Voters in four states took up the issue of marijuana use when they went to the polls November 6, and the results will have an impact on employers. In two states—Missouri and Utah—voters approved measures to allow medical use of marijuana. Voters in two other states—Michigan and North Dakota—voted on recreational use of marijuana, with Michigan voters saying yes and North Dakota voters saying no. Here’s a look at each state.
While the Utah medical marijuana measure late on election night seemed certain to pass, it will be up to state lawmakers to devise a final version of the law. In October, proponents and opponents of the ballot question agreed to support a legislative effort to enact a law allowing medical marijuana use.

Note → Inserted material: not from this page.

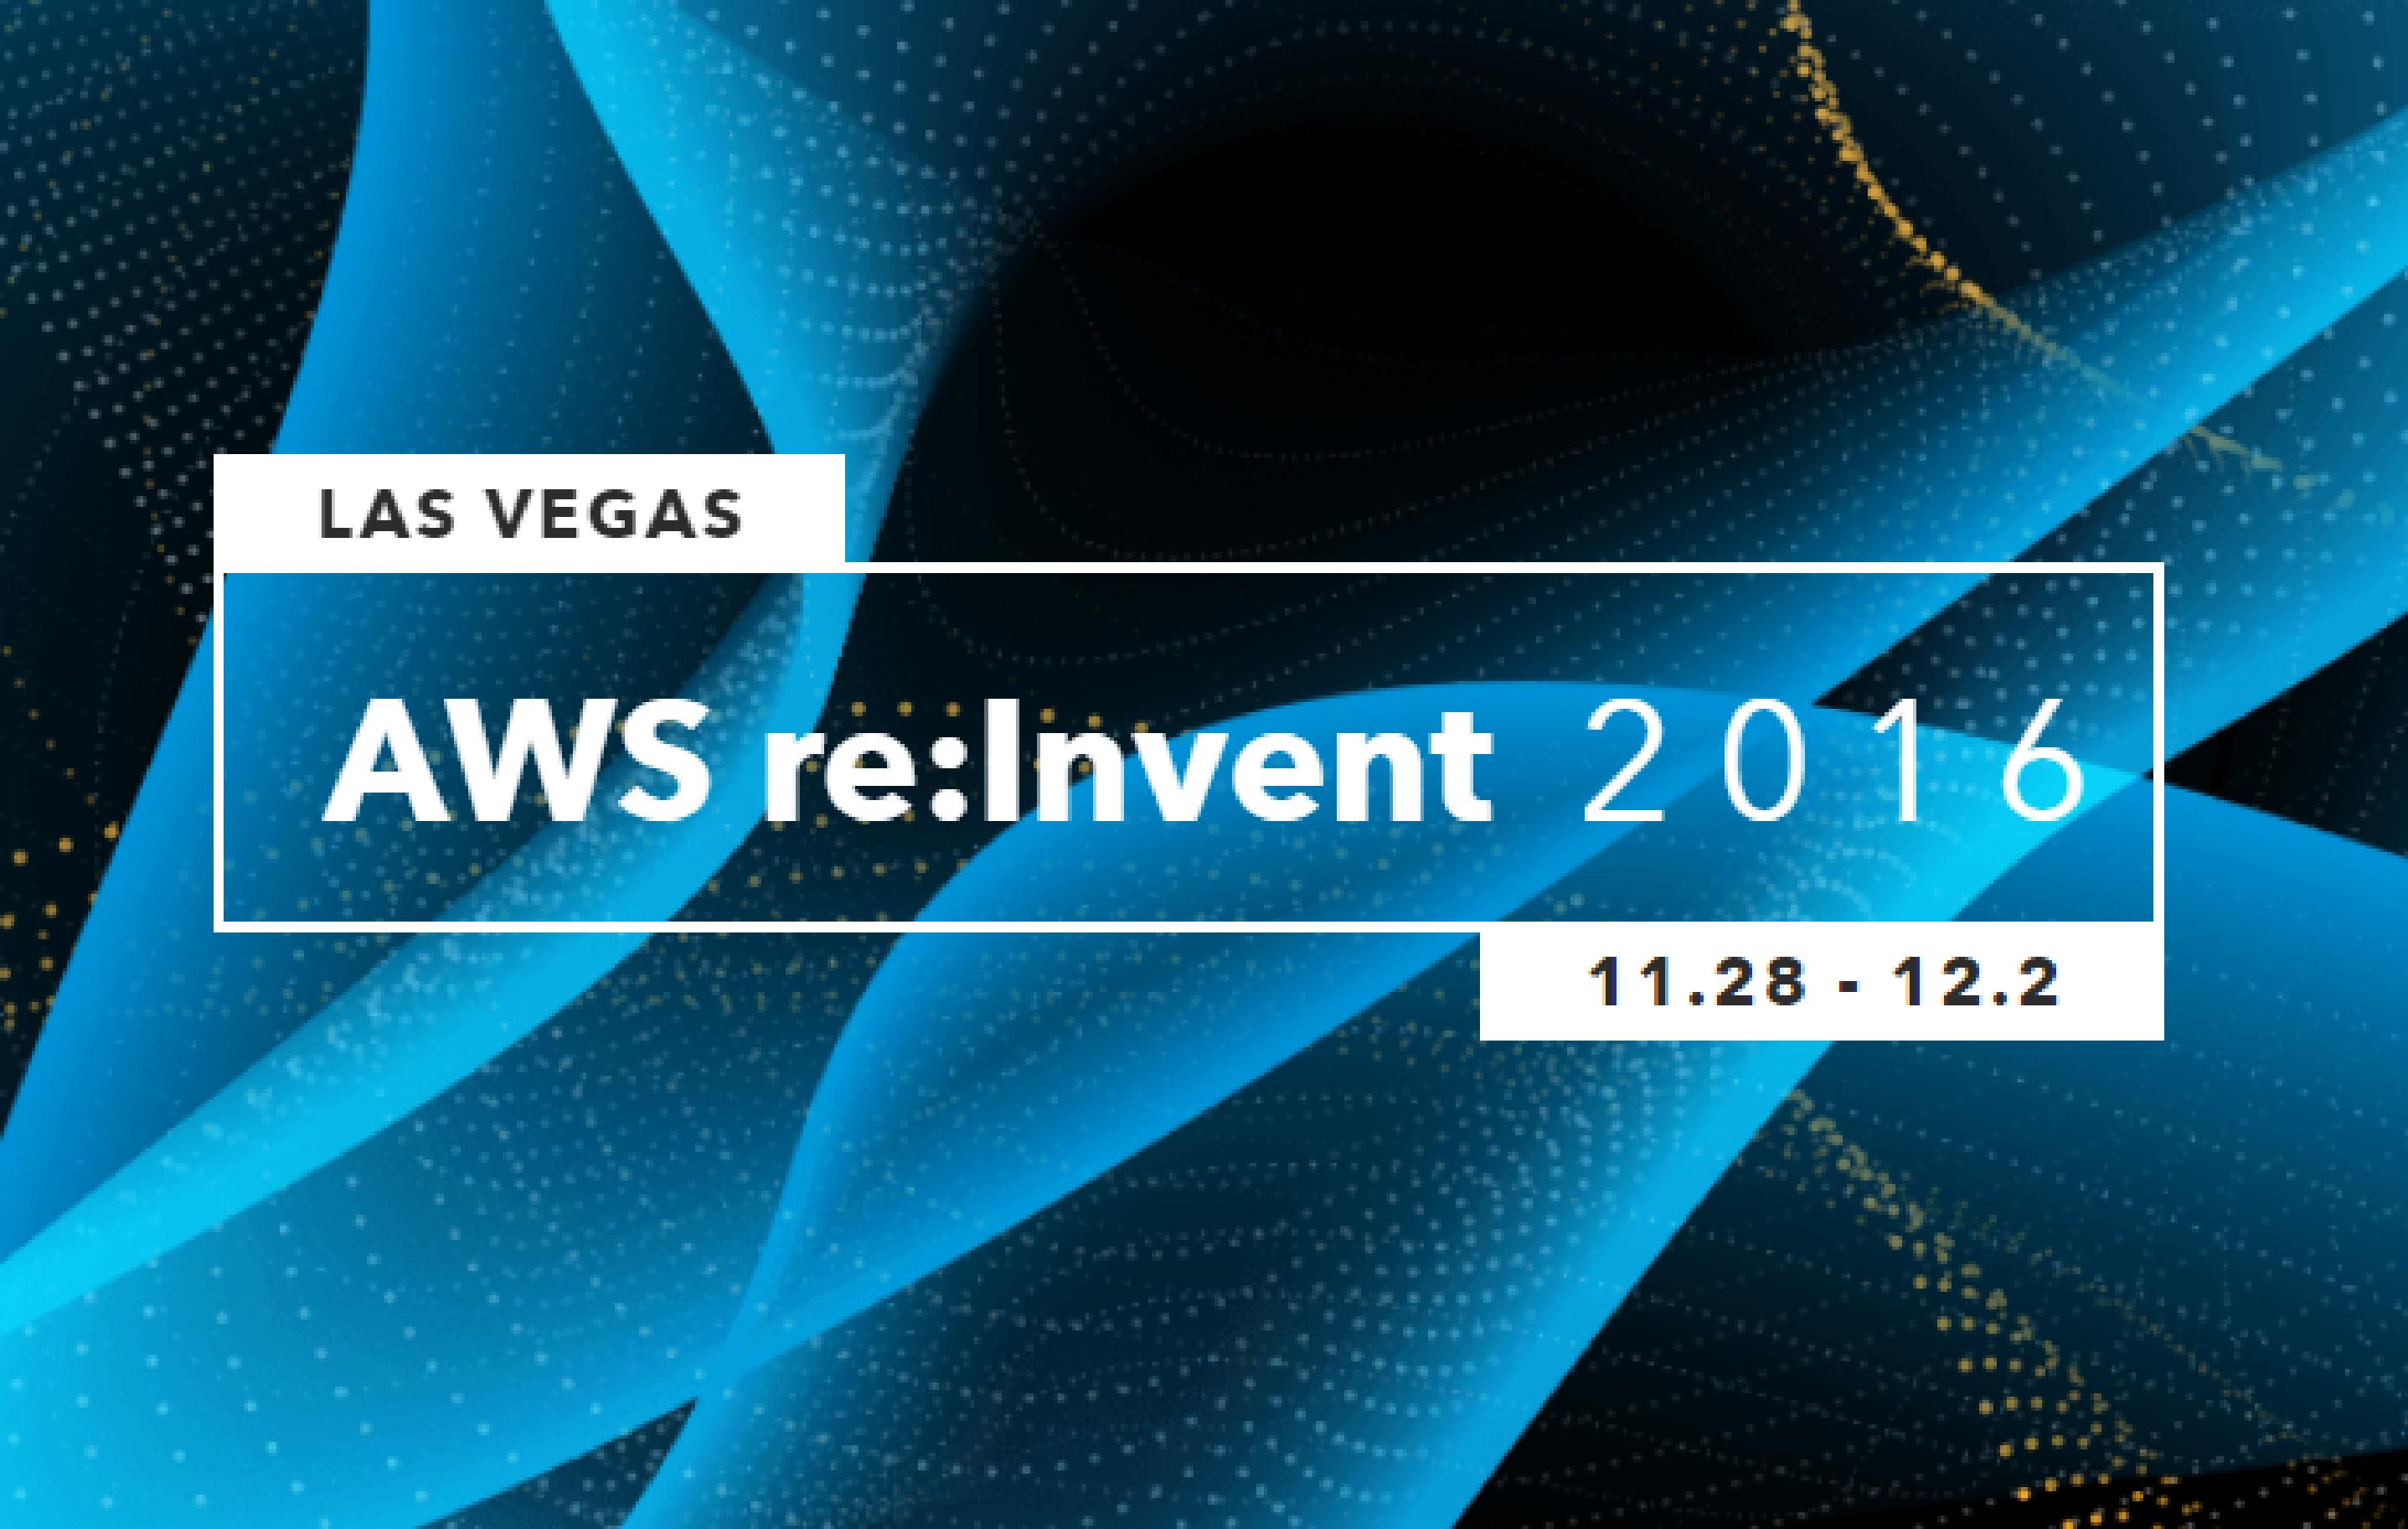 reinvent-2016-matillion-01
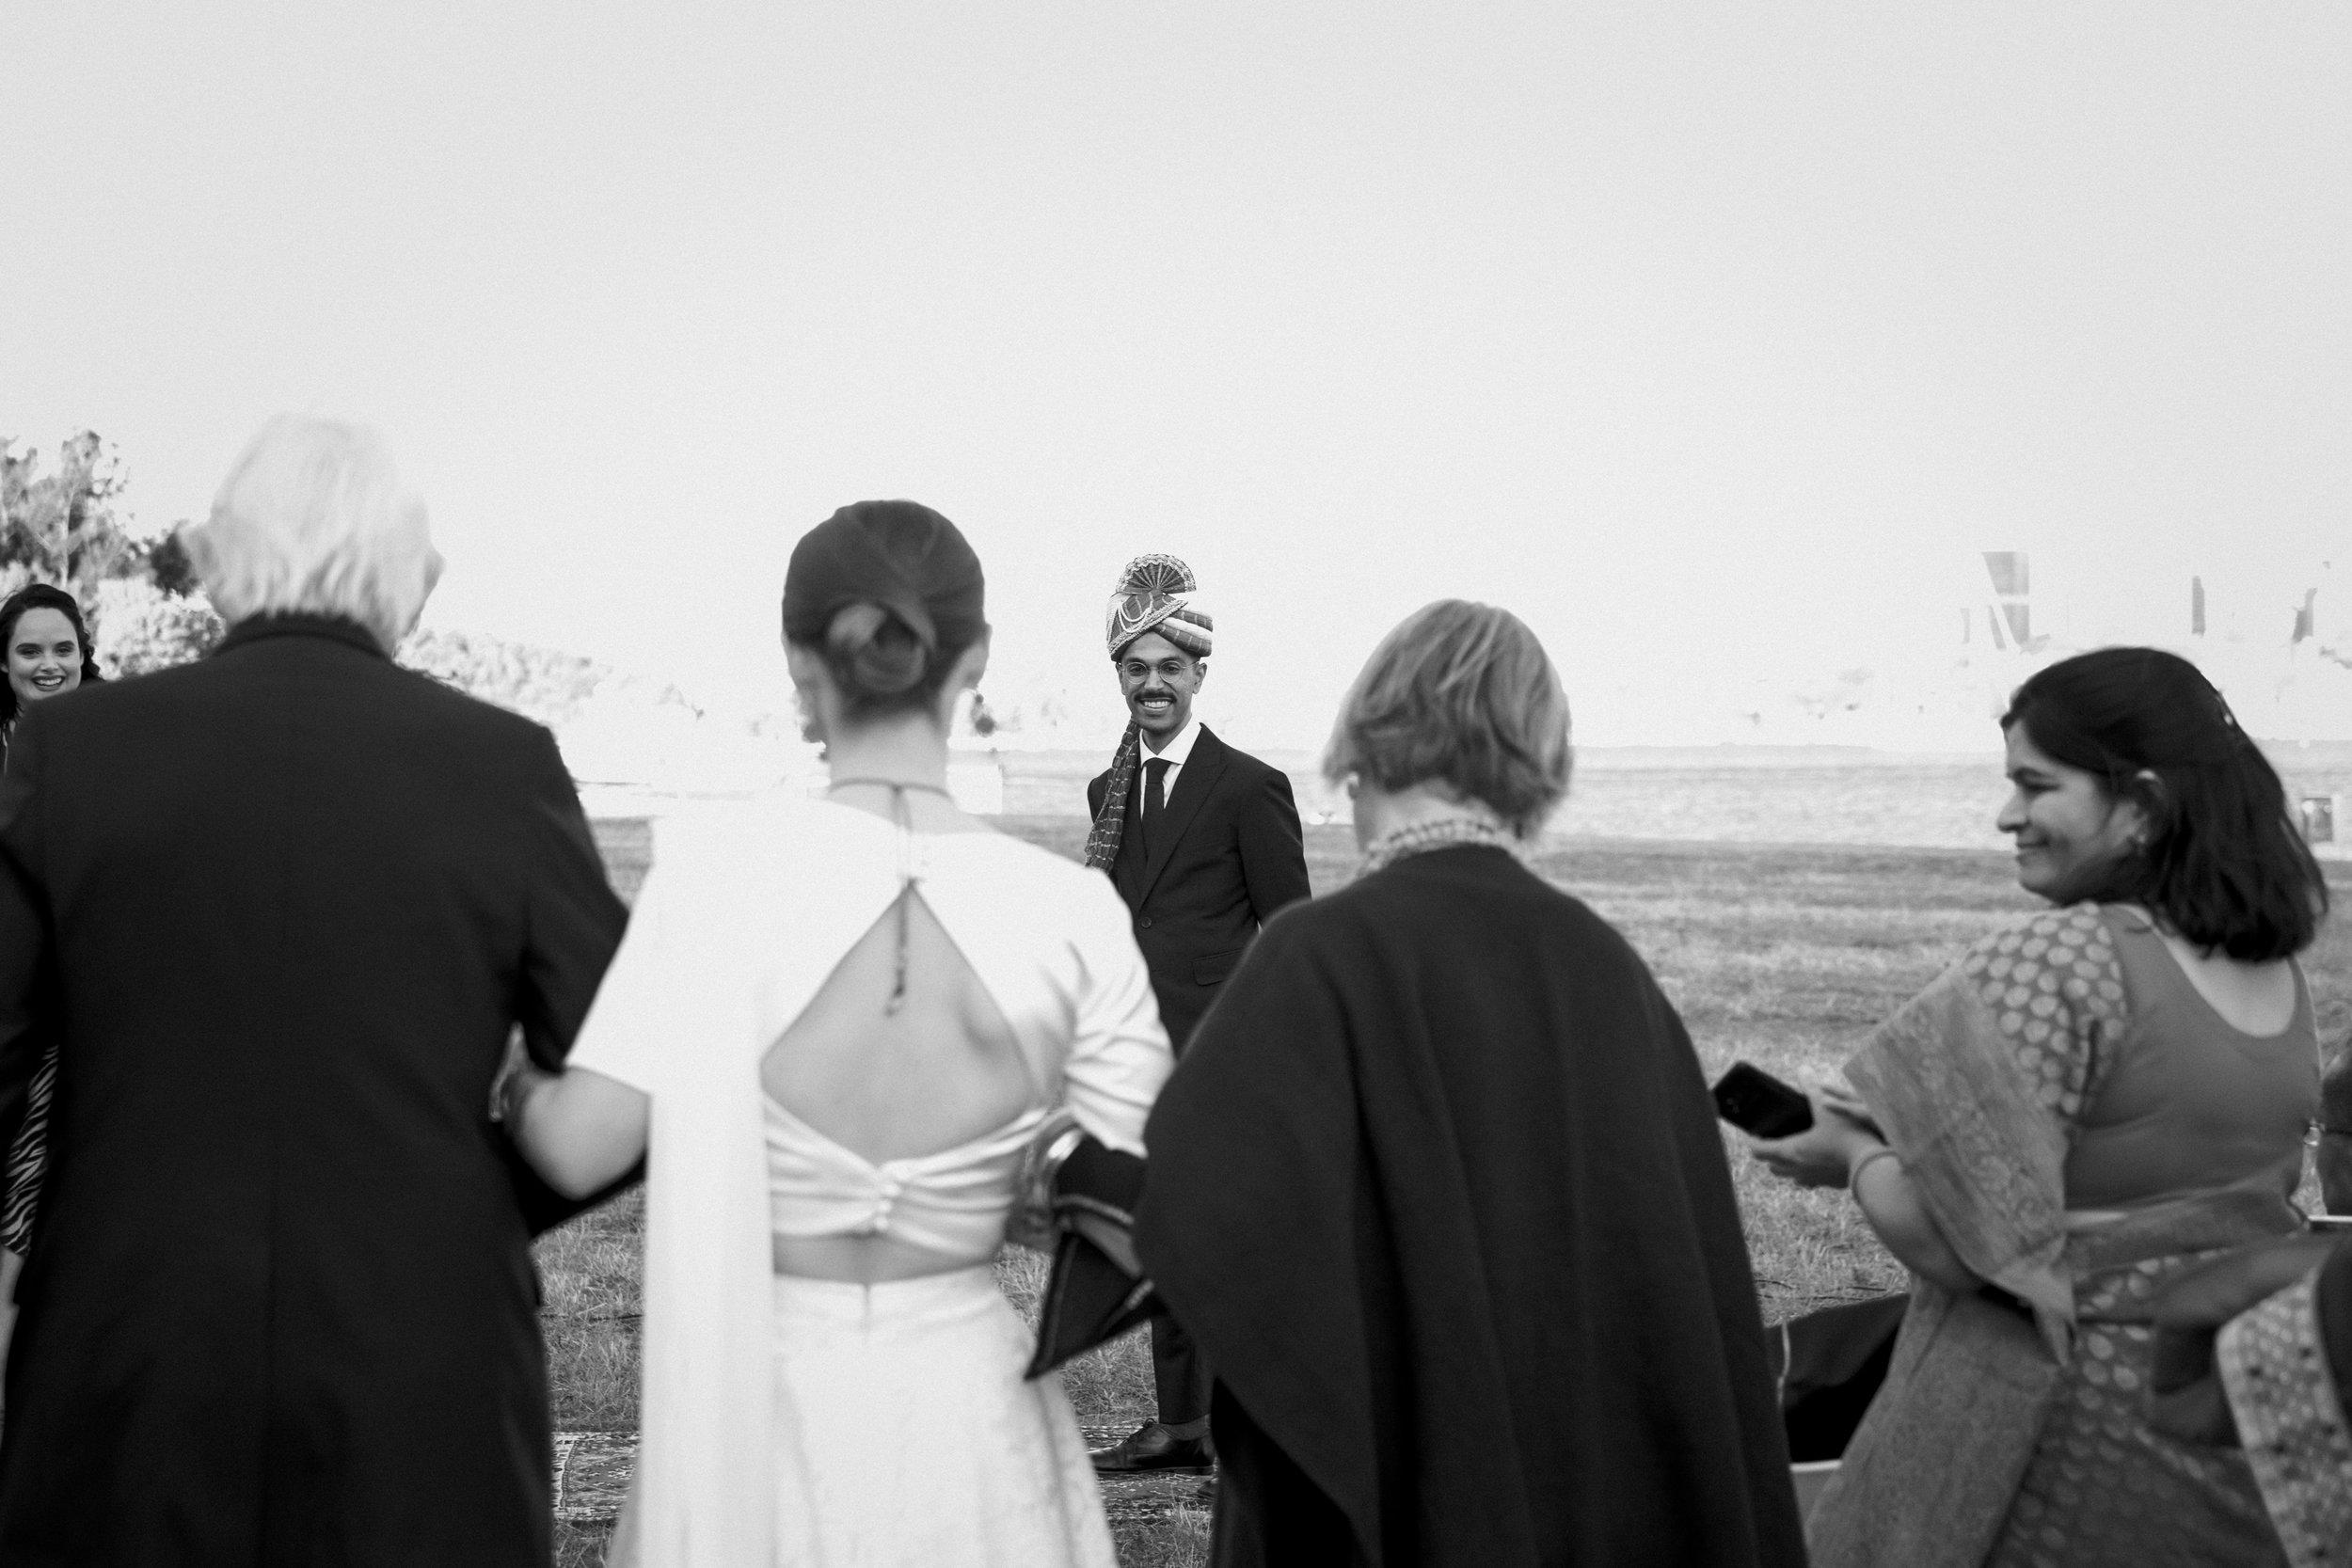 Amelia+Ani_Wedding_May2019_credit_OneDaySomewherePhotography-47.jpg

“There’s still a big question mark over what medical marijuana in Utah will look like,” Ryan Frazier, an attorney with Kirton McConkie in Salt Lake City, said a day after the vote. Although the final form the law will take remains a mystery, he says he can’t imagine a law that “undoes what the voters did.”
Frazier says nothing in the final bill is likely to change an employer’s ability to enforce workplace impairment rules. Employers with workplace rules prohibiting employees from being impaired at work certainly can continue to enforce them. But they may need to revisit their drug-testing policies, since they may be testing people who have a legal right to use marijuana.
Depending on the circumstances, it’s possible such use could be an accommodation under the Americans with Disabilities Act (ADA). “That’s still to play out,” Frazier says, but a new law “doesn’t change an employer’s right to enforce anti-impairment rules.”
Frazier says employers need to be careful about asking employees and applicants about potential disabilities up front. If an employee tests positive for marijuana and then claims he is authorized to use it, the employer may need to engage in the interactive process to see if medical marijuana is a reasonable accommodation.
In some jobs, such as public safety positions and those in which employees carry weapons, medical marijuana likely wouldn’t be an appropriate accommodation, but it might be in other circumstances.
Voters chose between three versions of a medical marijuana measure. The version that passed will allow the use of marijuana for medicinal purposes and will impose a 4% tax on marijuana sales with the proceeds going toward services for military veterans.
News reports on the initiative say that patients who have approval from their physicians will be issued identification cards allowing them and their registered caregivers to grow up to six marijuana plants and buy at least 4 ounces of medical cannabis from dispensaries per month. Dispensaries and medical marijuana product manufacturers will be issued licenses from the state.
An alert from the St. Louis office of the Armstrong Teasdale law firm advises that the measure identifies specific serious medical conditions qualifying a patient to purchase medical marijuana. It also gives physicians the discretion to determine that a different condition qualifies a patient to purchase and use medical marijuana.
The alert also says the Missouri Department of Health and Senior Services will issue regulations and make license applications available by late spring 2019. “The state will issue three categories of licenses: cultivation licenses for growing and selling medical marijuana, licenses to manufacture marijuana-infused products, and dispensary licenses to sell marijuana or marijuana-infused products to qualifying patients,” the alert states.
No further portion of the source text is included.